However, then came an interesting twist in the story, as “James” provided a key bit of information – the URL that is encoded on each of Sony’s Xperia SmartTags. With this knowledge, you can create your own SmartTags using any regular, generic NFC tag, saving yourself the ridiculously overinflated £15 price asked by Sony, and make use of the built-in SmartTags application in the process. Here’s how:

## 1.) Get some NFC tags

Head over to somewhere like http://rapidnfc.com/ and pick up four generic NFC tags. You can get wristbands/key fobs/stickers – whatever you want really. I’ve tried “ultralight”, “NTAG203”, and “1k” tags and they all seem to work fine with my Xperia S. Note that the SmartTags application only recognises four different tags, so there’s no point getting more than that (not for this exercise, anyway).

## 2.) Program the Tags

To simulate the different-coloured SmartTags, you need to write the appropriate corresponding URI to an NFC tag. The only slight problem is that, instead of a website like http://www.example.com, the SmartTag URIs use a custom URI prefix of semc://.

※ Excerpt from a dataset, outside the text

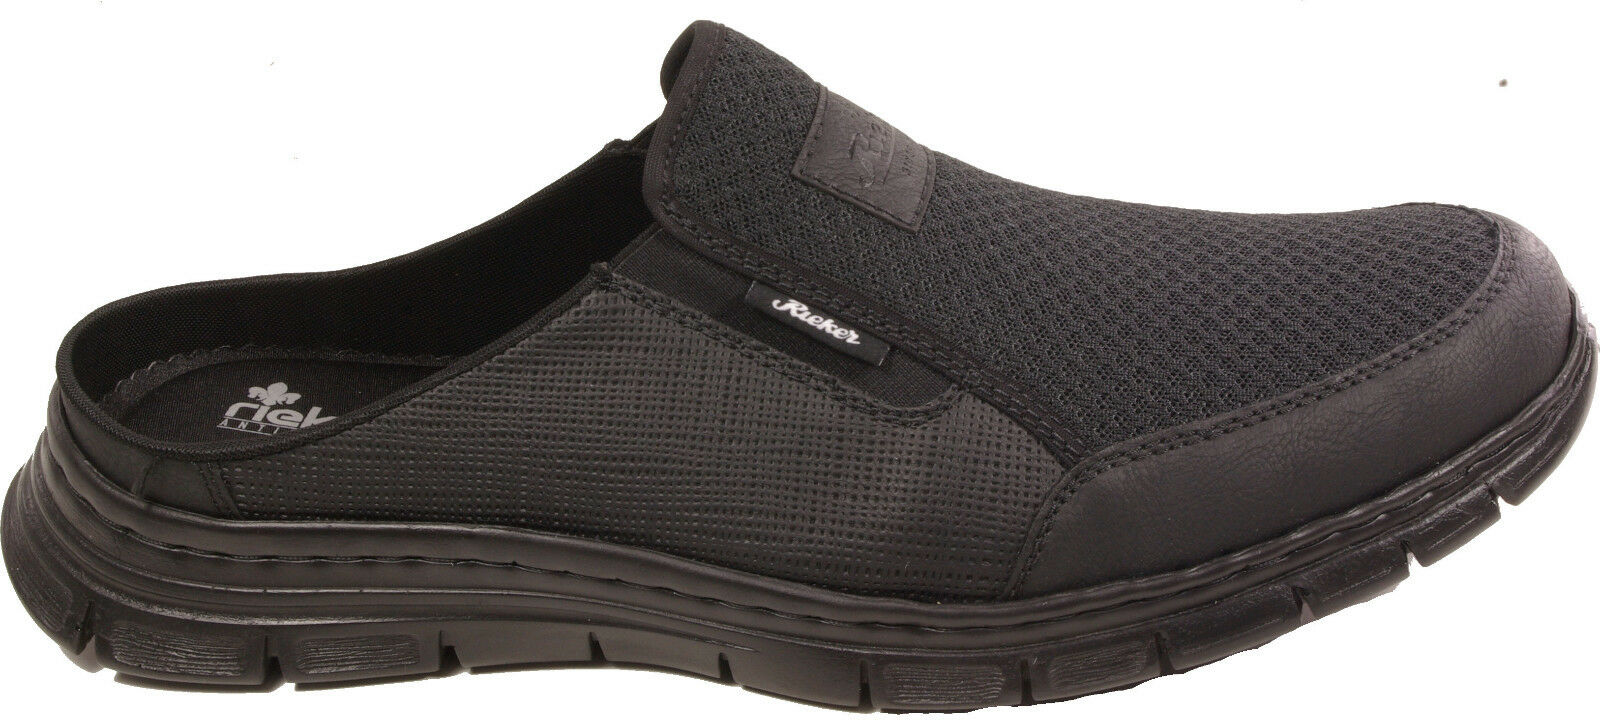 RIEKER Schuhe Pantoletten Clogs Hausschuhe schwarz Weichbettung  NEU

Not all NFC writers are capable of writing URIs using custom prefixes. Unfortunately, neither NXP TagWriter nor NFC Quick Actions – the two applications I already had installed on my handset are currently capable of doing so:

 NXP TagWriter forces you to create a URL that begins with the http://www. prefix NFC Quick Actions will generate an error if you try to write a URL that does not begin with http.

Fortunately, there are still plenty of other alternatives, and the free NFC Tag Writer & Reader from Connecthings allows to specify any custom URL you want. So, install and launch the application, and write the following URLs to each of your four NFC tags:

• Blue (Car) tag: semc://liveware/A1/1/NT1/1/smarttags1
• Red (Home) tag: semc://liveware/A1/1/NT1/2/smarttags1
• Black (Bedroom): semc://liveware/A1/1/NT1/3/smarttags1
• White (Office): semc://liveware/A1/1/NT1/4/smarttags1

## 3.) Assign actions to your new “SmartTags”

Now, return to the home screen and try scanning one of your newly-programmed “Smart” tags. The Xperia SmartTags application should recognise it and launch accordingly. You can then assign a set of actions that should be carried out every time each tag is scanned.

The range of actions that can be assigned using Sony’s SmartTags application seems pretty similar to those available in other NFC applications. The advantages of the SmartTags application is that it is free (unlike NFC Task Launcher) and supports multiple actions assigned to the same tag (unlike NFC Quick Actions). The biggest disadvantage, however, is that it only seems to recognise four unique tags. I did try programming the hypothetical next URI in the series: semc://liveware/A1/1/NT1/4/smarttags1, but, perhaps unsurprisingly, it wasn’t recognised.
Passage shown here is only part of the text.